Ya’alon denied reports that Netanyahu had urged him to concede to Lapid and vote for criminal sanctions on haredi draft dodgers.

The reports said such a step would be a tactical move until legislation could be watered down later on.

At a meeting of the Likud faction, Transportation Minister Israel Katz led Likud MKs in criticizing Ya’alon for allowing Lapid to score political points at Likud’s expense. Likud ministers privately accused Ya’alon of sacrificing the party to kowtow to the haredi sector that could help him as an expected future prime ministerial candidate.

Netanyahu mocked the crisis at the meeting, referring to it as a “virtual crisis.”



Coalition chairman Yariv Levin denounced the dispute as political spin intended to distract the public from the value-added tax increase that passed in the Finance Committee Monday at the behest of the Lapid-led Finance Ministry.

“After 65 years, we are before a historic change that will lead to significant progress toward equalizing the burden,” Netanyahu said. “Until the law is implemented, there will be many crises and headlines, real and fictional. I am certain we can find solutions for the few clauses that have remained open. There will be a law.”

But Lapid sounded very serious at his faction meeting, calling upon the Likud to stop playing games that could prevent a historic injustice from being fixed. He accused the Likud of trying to torpedo the Peri Committee to find favor with haredim.

“Service will be equalized or the government will come apart,” Lapid said. “If someone thinks I entered politics just to fix the economic catastrophe that the last government left us, they don’t understand what we are doing here. Those who think we will surrender on equalizing the burden doesn’t know us.”

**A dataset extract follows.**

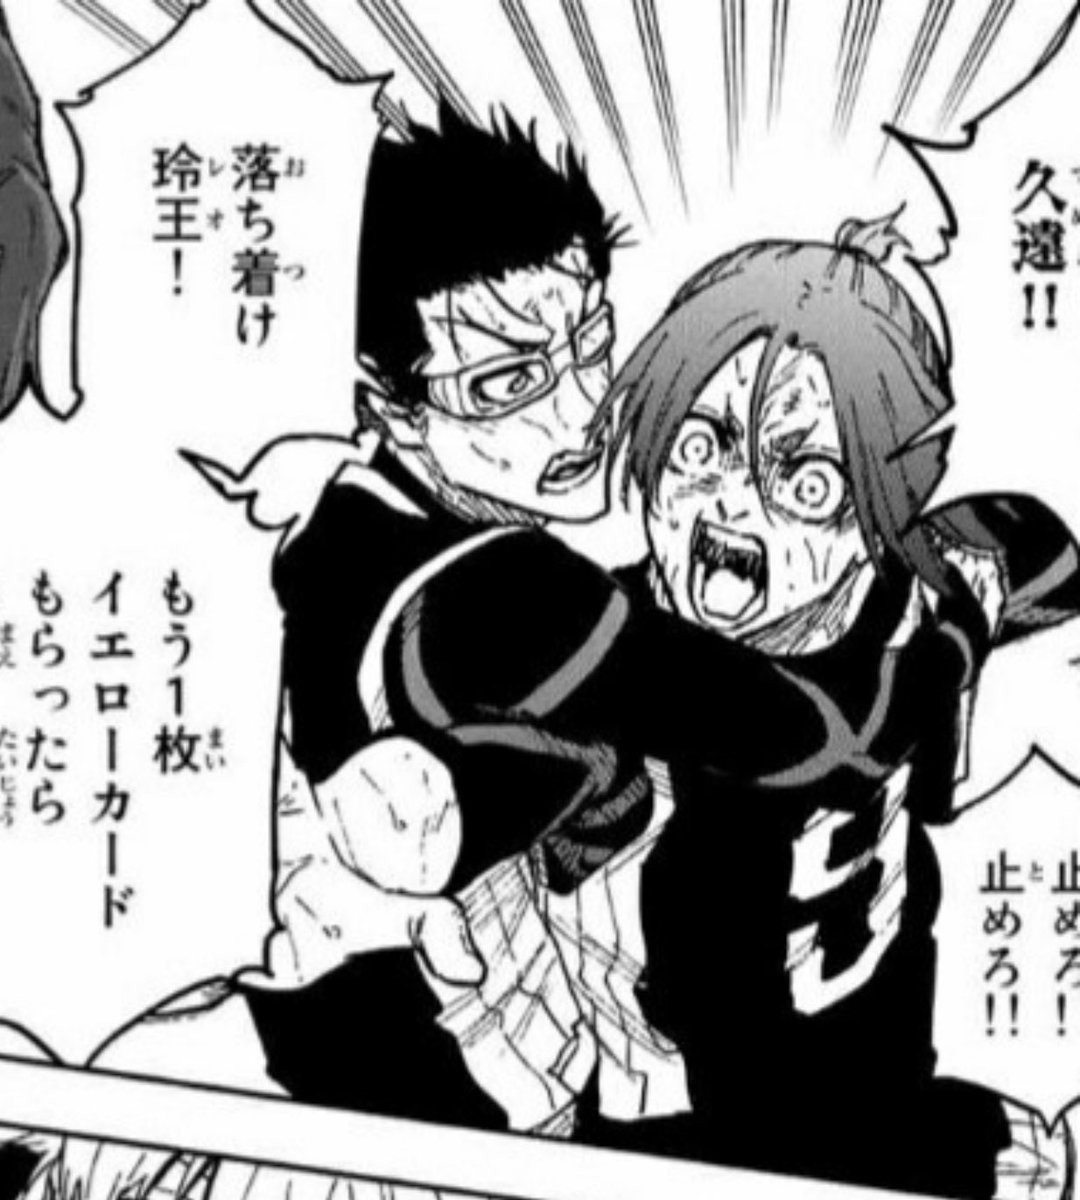 reonagi getting mad for each other man they go hard

Kadima leader Shaul Mofaz said the same thing happened to his party when Netanyahu disbanded the Kadima-led Plesner Committee last year. The dispute over how to draft yeshiva students led to the collapse of Netanyahu’s short-lived coalition with Kadima. He called upon Lapid to hold strong and “not become the dishrag of the Likud.”

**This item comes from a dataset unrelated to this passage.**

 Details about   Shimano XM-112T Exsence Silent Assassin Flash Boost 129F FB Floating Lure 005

Bayit Yehudi leader Naftali Bennett engaged in shuttle diplomacy to prevent the current coalition from suffering the same fate. Bennett met three times with Ya’alon and three times with Lapid on Monday.

“We will find a solution, because we agree on more than we disagree,” Bennett said. “This is not the time to burn bridges. We need to work to find a solution. No one wants to see police conduct mass arrests on Bnei Brak. We want there to be enough incentives and love to connect the haredim to Israeli society.”

In a sign of optimism, the Bayit Yehudi faction appointed secular MK Ayelet Shaked to head a Knesset task force that will be responsible for ensuring the passage of the Peri Committee’s legislation.

At a meeting of the joint Likud-Yisrael Beytenu faction, Yisrael Beytenu leader Avigdor Liberman said the legislation being drafted must ensure that the Arab sector will also serve.

He warned that what is not done now might have to wait another 65 years.

The haredi factions canceled weekly press conferences Monday. Shas officials said they preferred to watch Likud and Lapid fight rather than talk themselves.

But opposition leader Shelly Yacimovich defended the haredim. She said efforts by Likud and Lapid to obtain credit for forcing haredi conscription would result in fewer haredim entering the IDF.

“Such cynical political blabber reeks of narrow political interests,” said Labor faction chairman Isaac Herzog. “The actual goal of equalizing the burden and helping haredim enter the workforce has been forgotten.”